■ PROBLEM DESCRIPTION: Output exactly the lines of the listing below that run from the line with "brandwerend flanel gespannen" through the line with "Concentracions en protesta". No pictures.

START EXERCISE INPUTS

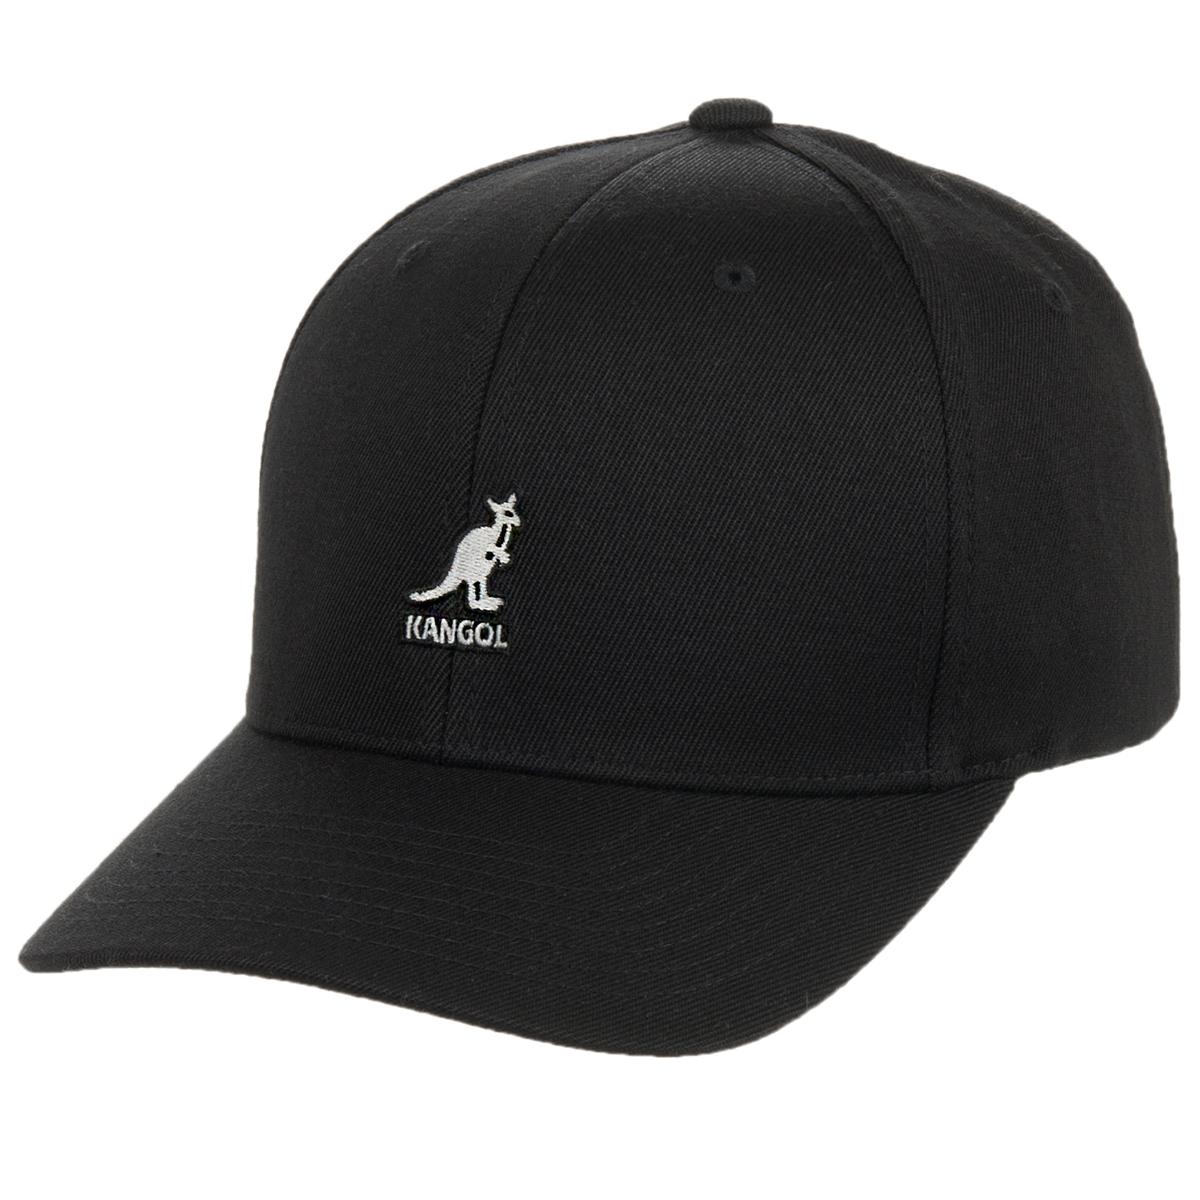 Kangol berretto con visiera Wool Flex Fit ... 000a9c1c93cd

END EXERCISE INPUTS
START EXERCISE INPUTS

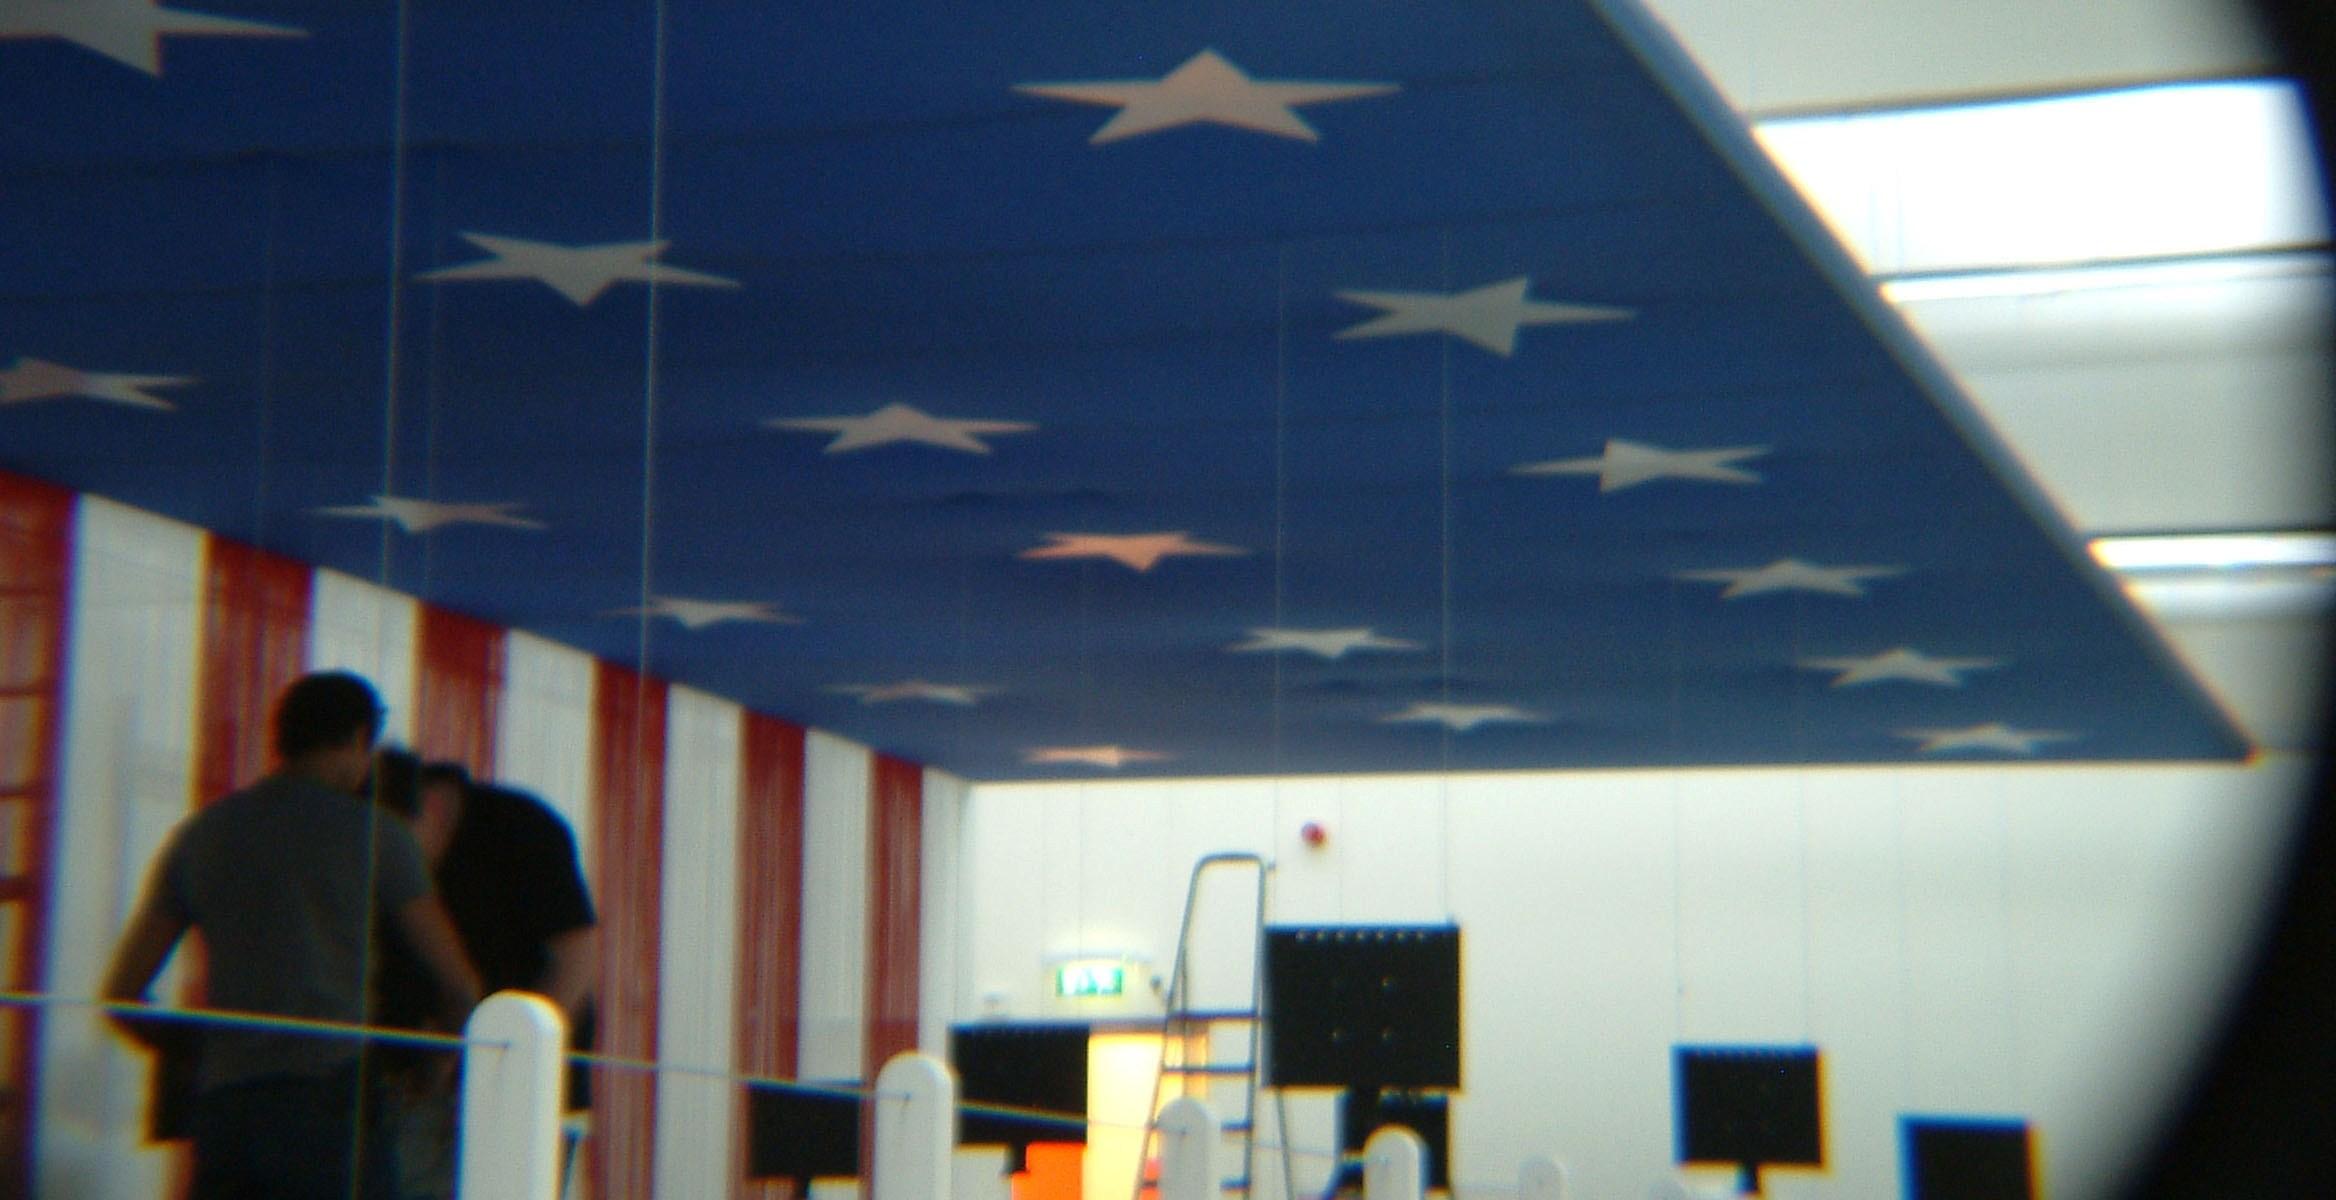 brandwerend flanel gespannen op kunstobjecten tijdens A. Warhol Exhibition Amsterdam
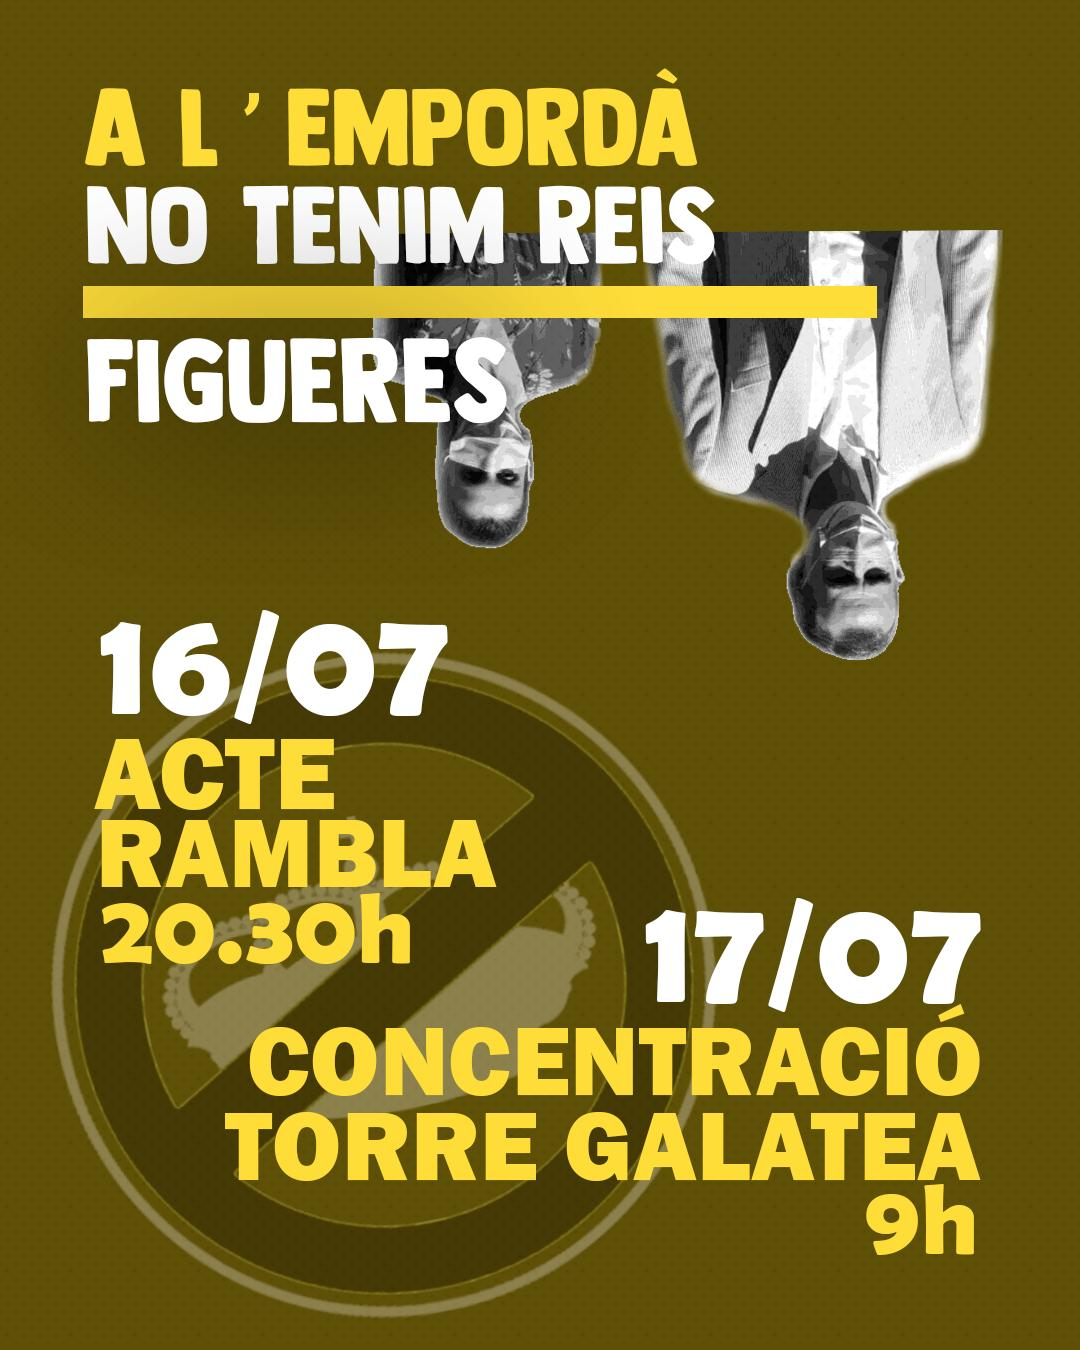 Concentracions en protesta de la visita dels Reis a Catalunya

END EXERCISE INPUTS

■ OUTPUT OF THE TASK:
 brandwerend flanel gespannen op kunstobjecten tijdens A. Warhol Exhibition Amsterdam
 Concentracions en protesta de la visita dels Reis a Catalunya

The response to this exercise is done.